Assignment ▸ Among the lines below, output only those between the line holding "Maxine Medina Is" and the line holding "7 site storage", inclusive, exactly as written and with no pictures.

Information shown ▸
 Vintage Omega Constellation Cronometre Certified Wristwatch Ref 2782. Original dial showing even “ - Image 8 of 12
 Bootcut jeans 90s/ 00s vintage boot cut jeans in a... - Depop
* * *
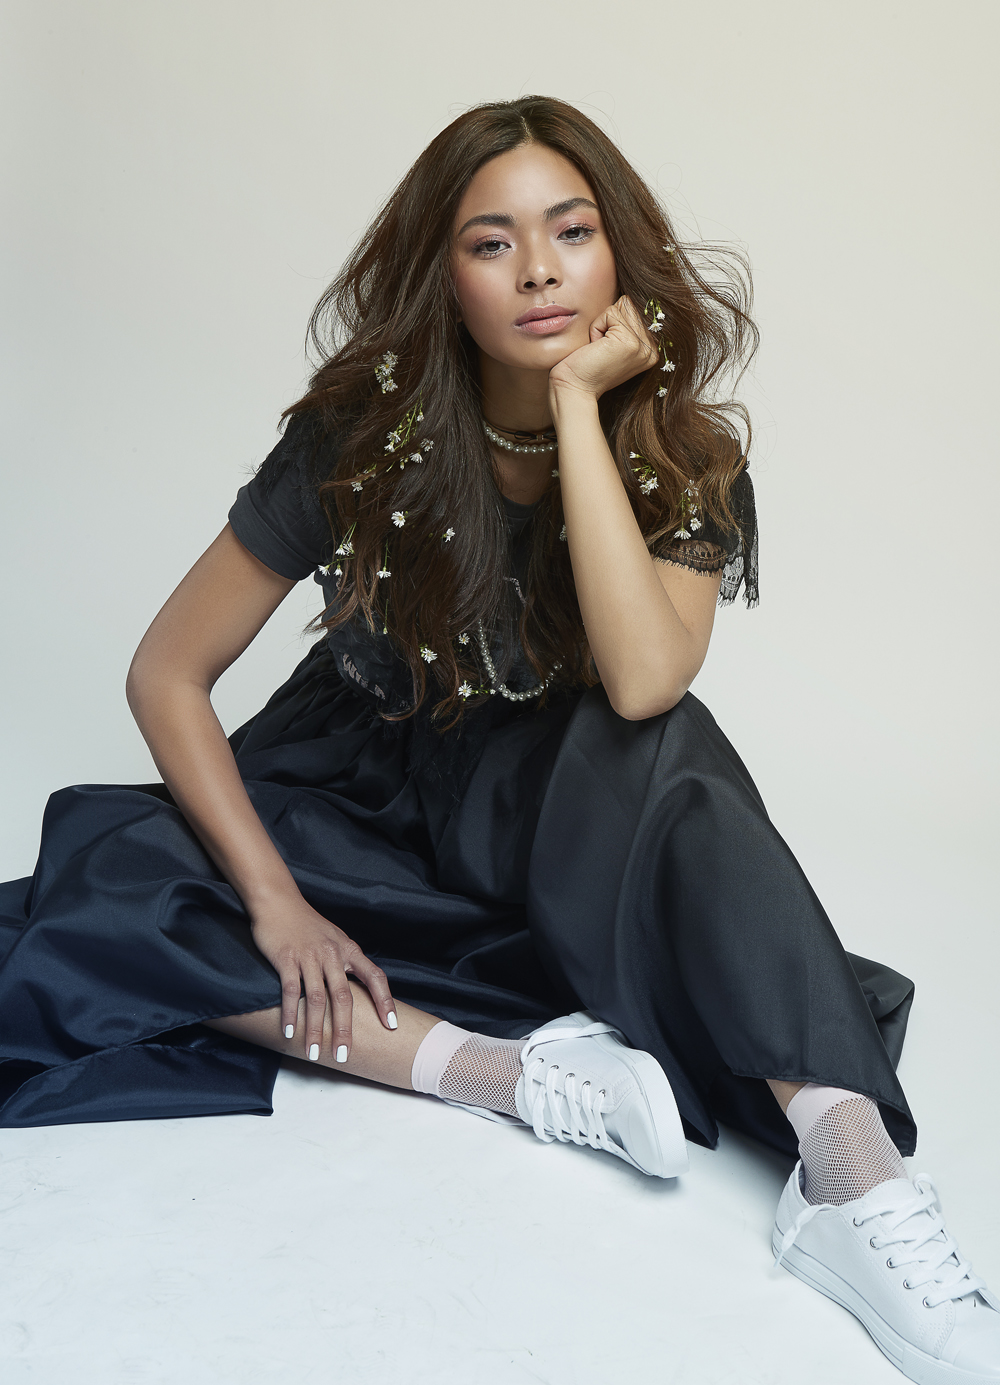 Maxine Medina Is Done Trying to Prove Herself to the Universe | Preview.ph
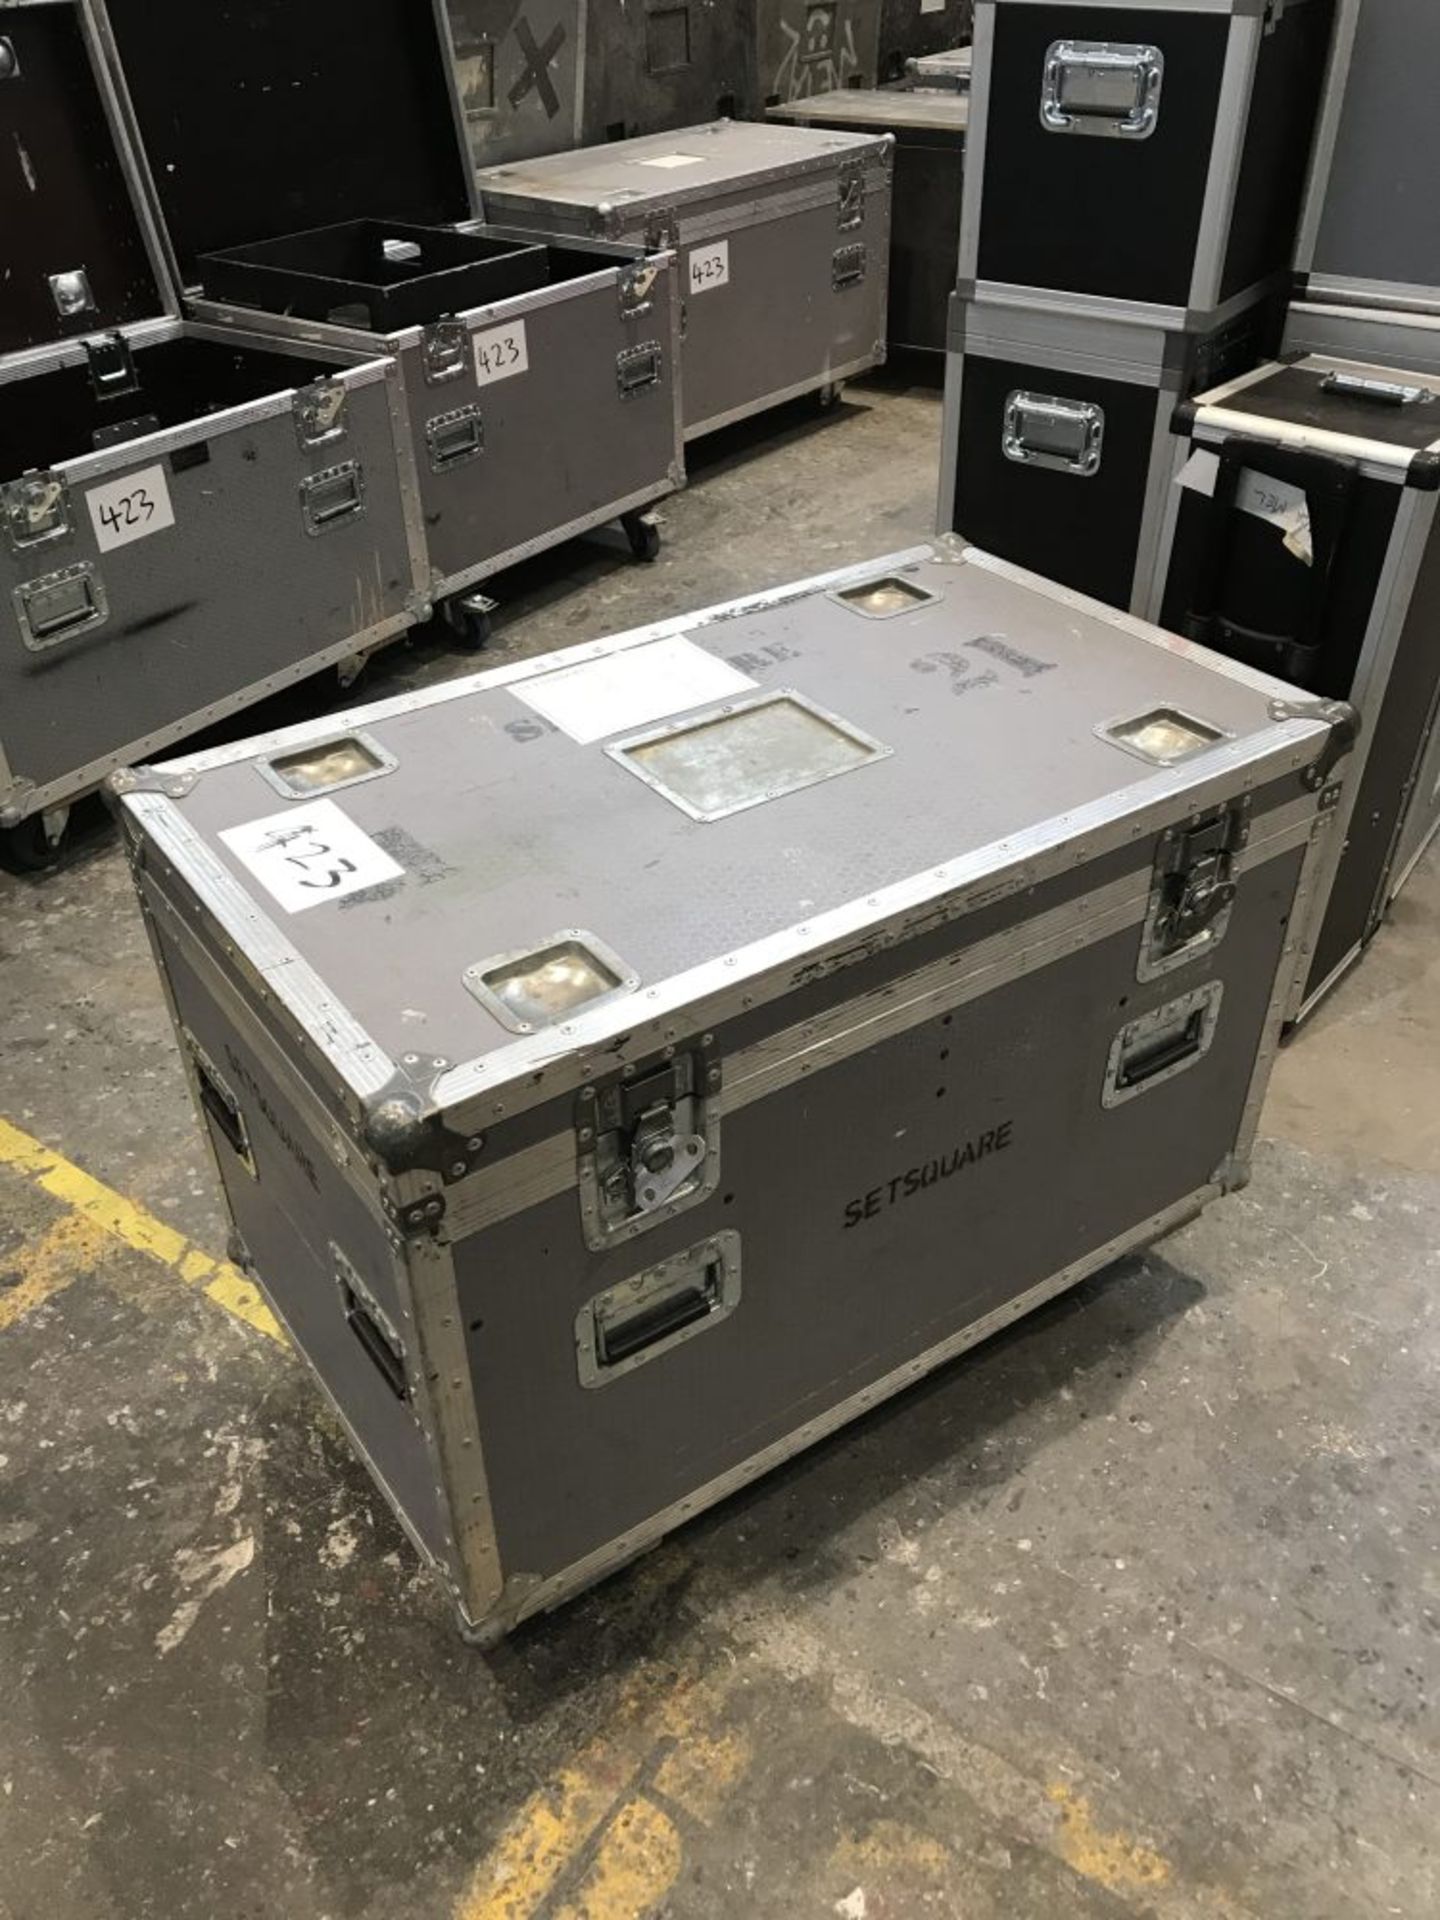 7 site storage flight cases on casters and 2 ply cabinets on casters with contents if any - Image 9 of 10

Reply ▸
 Maxine Medina Is Done Trying to Prove Herself to the Universe | Preview.ph
 7 site storage flight cases on casters and 2 ply cabinets on casters with contents if any - Image 9 of 10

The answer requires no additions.